The long-time evolution of monopolar and dipolar vortices influenced by the largescale gradient of the ambient potential vorticity (the β-effect) is studied by direct numerical solutions of the equivalent barotropic quasi-geostrophic equation. Translation and reorganization of vortical structures are shown to depend strongly on their intensity. Transport of trapped fluid by vortical structures is illustrated by calculating particle trajectories and by considering closed isolines of potential vorticity and the streamfunction in a co-moving reference frame.
The initial behaviour of strong monopoles is found to be well described by a recent approximate theory for the evolution of azimuthal mode one, even for times longer than the linear Rossby wave period. In the long-time limit, strong monopoles transport particles mainly westward, although the meridional displacement is several times larger than the initial vortex size. The appearance of an annulus with opposite radial gradient of the potential vorticity around the vortex core is demonstrated. This annulus forms owing to the meridional vortex drift on the β-plane and results in reorganization of a strong monopolar vortex into a rotating tripole. A critical value of the vortex intensity is found, below which the tripolar structure does not appear even in the case of an initially shielded vortex. Weak monopolar vortices are able to trap particles and provide some west-meridional fluid transport, even in the case when they decay like a linear Rossby wave packet.

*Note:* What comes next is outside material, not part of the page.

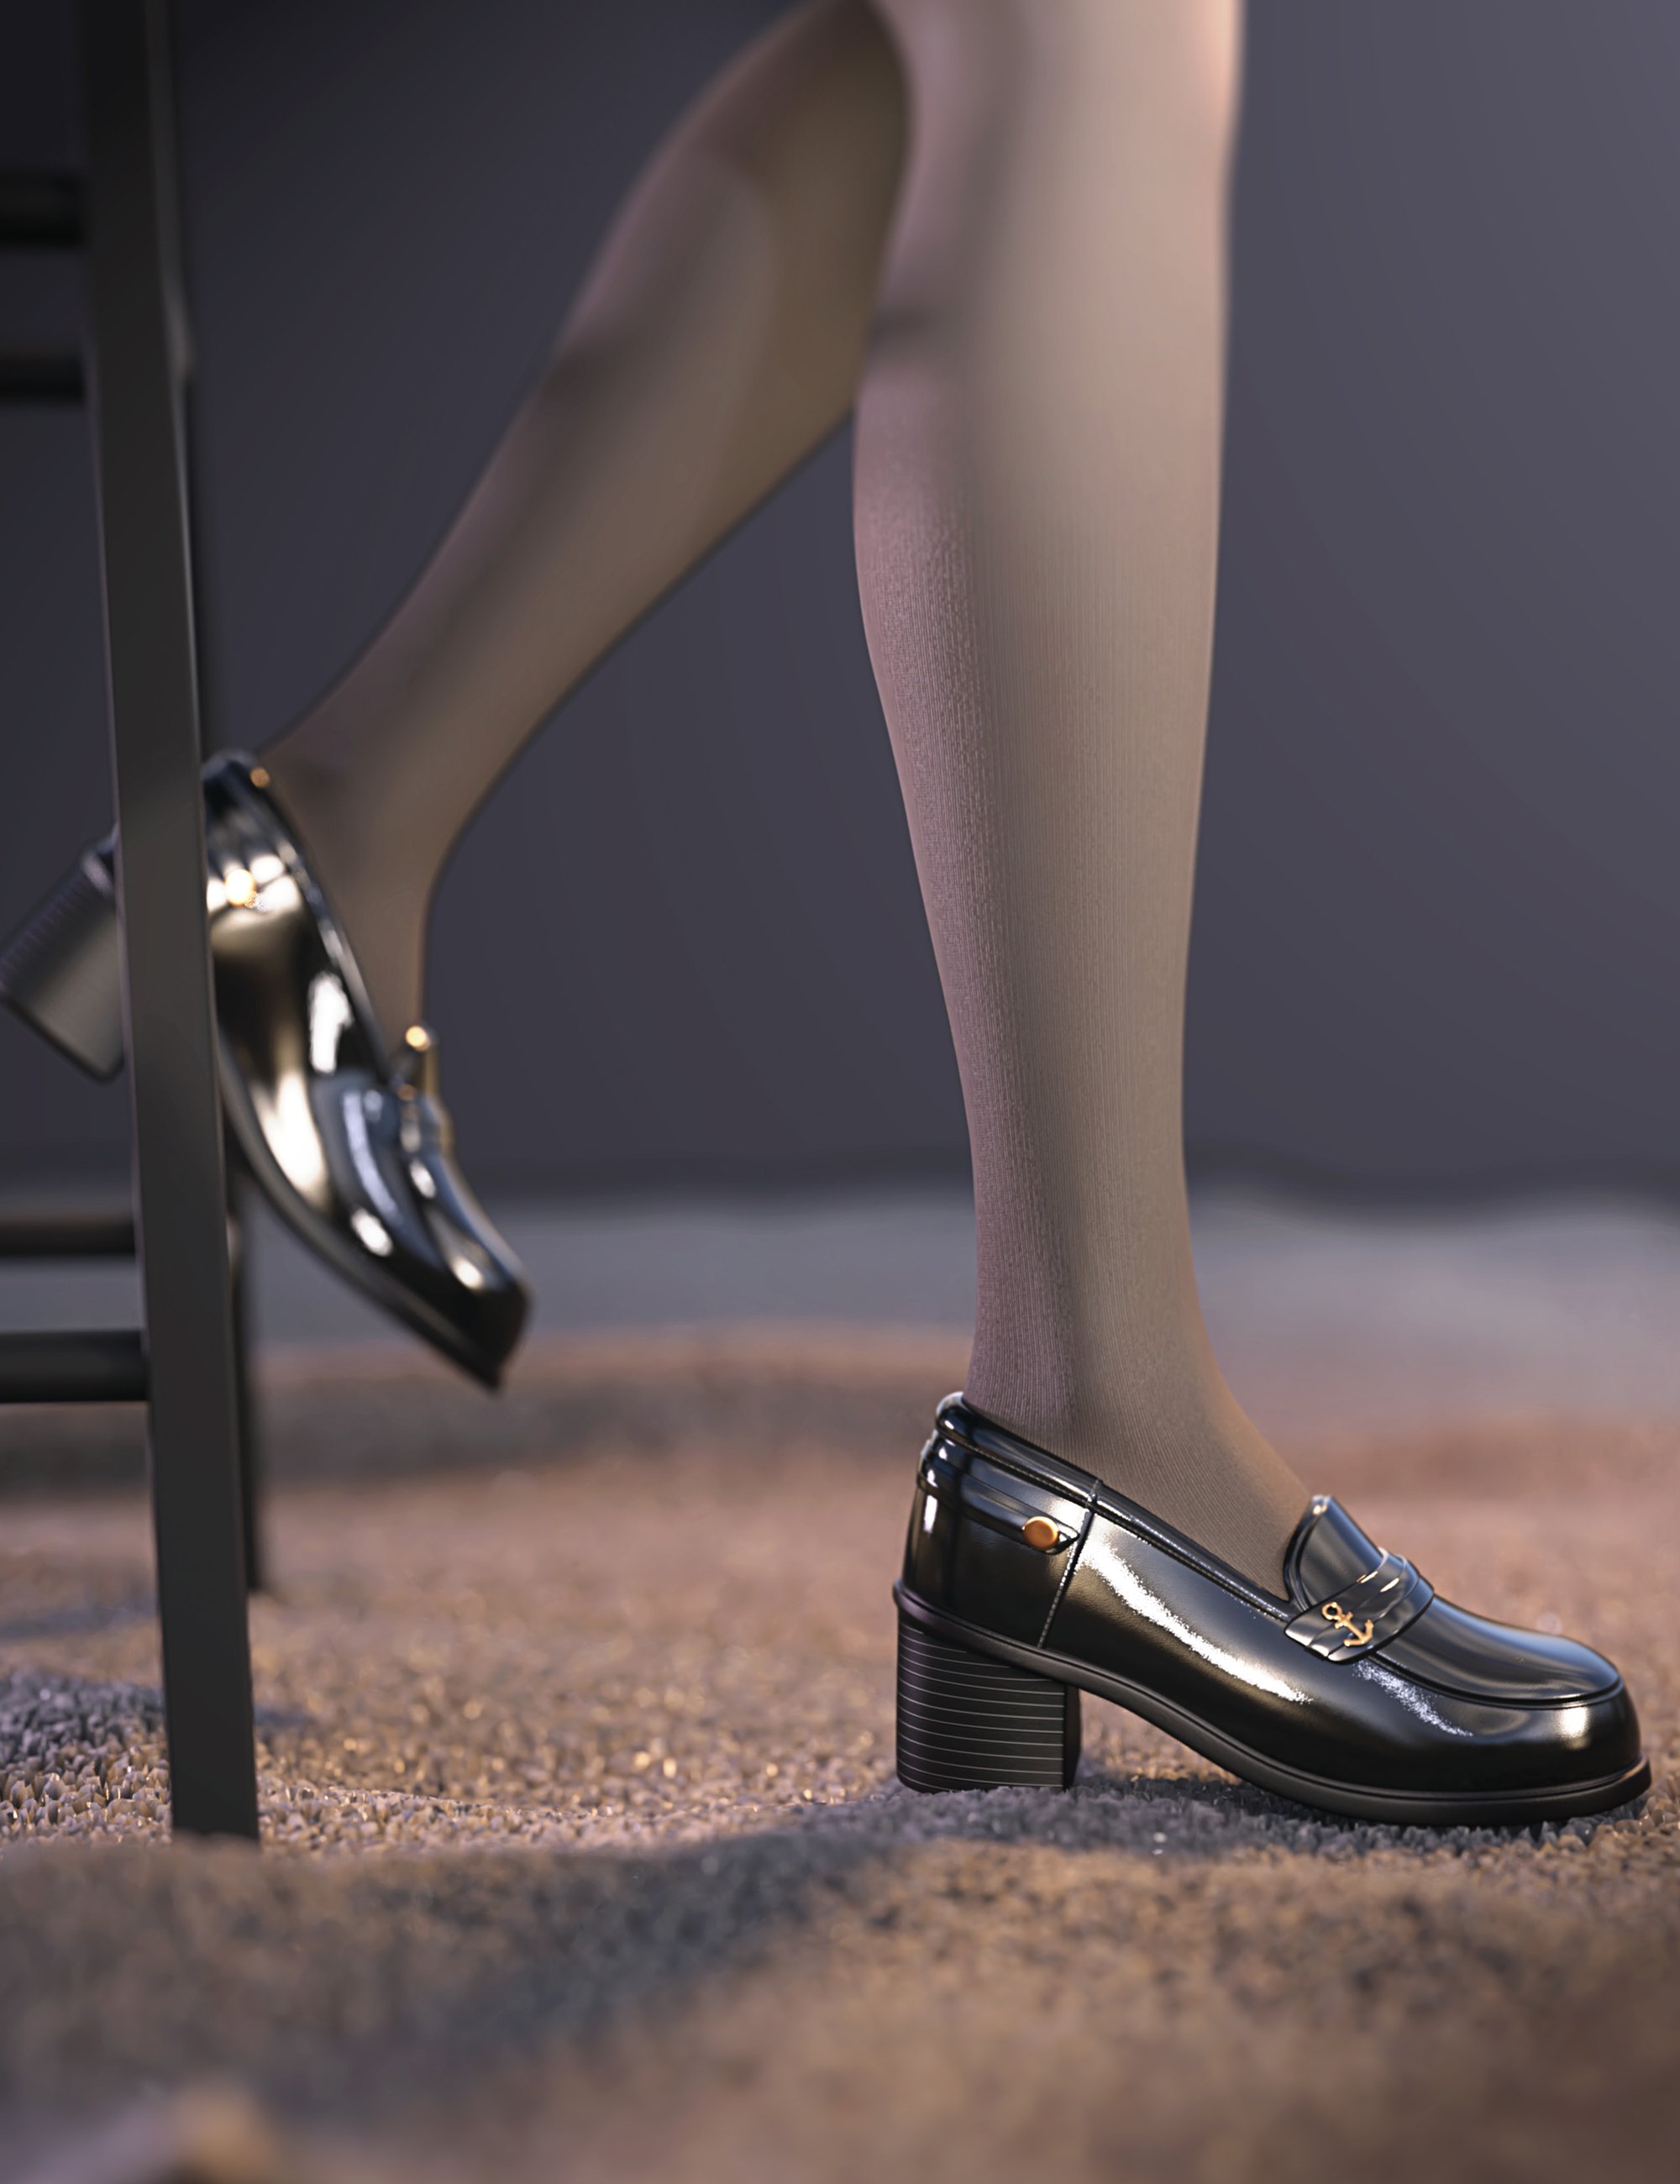 SU Leather Shoes for Genesis 8 and 8.1 Females and Genesis 9 by: Sue Yee, 3D Models by Daz 3D

The evolution of initial f-plane dipoles on the β-plane is strongly dependent on the initial direction of propagation. Strong dipoles adjust to steadily propagating modon solutions either accelerating (westward case), decelerating (eastward case) or oscillating with a decaying amplitude (meridional case), thereby carrying trapped particles predominantly eastward. A steady state is not reached if the dipole intensity is below a critical value which depends on the initial direction of propagation. Weak dipoles either decay and shrink owing to Rossby wave radiation (westward case), gradually separate and split (eastward case), or disintegrate (meridional case) without longdistance fluid transport. Thus, on the β-plane monopoles provide mainly westward transport of trapped fluid, whereas dipoles provide mainly eastward transport. Only strong monopoles are found to provide significant meridional fluid transport.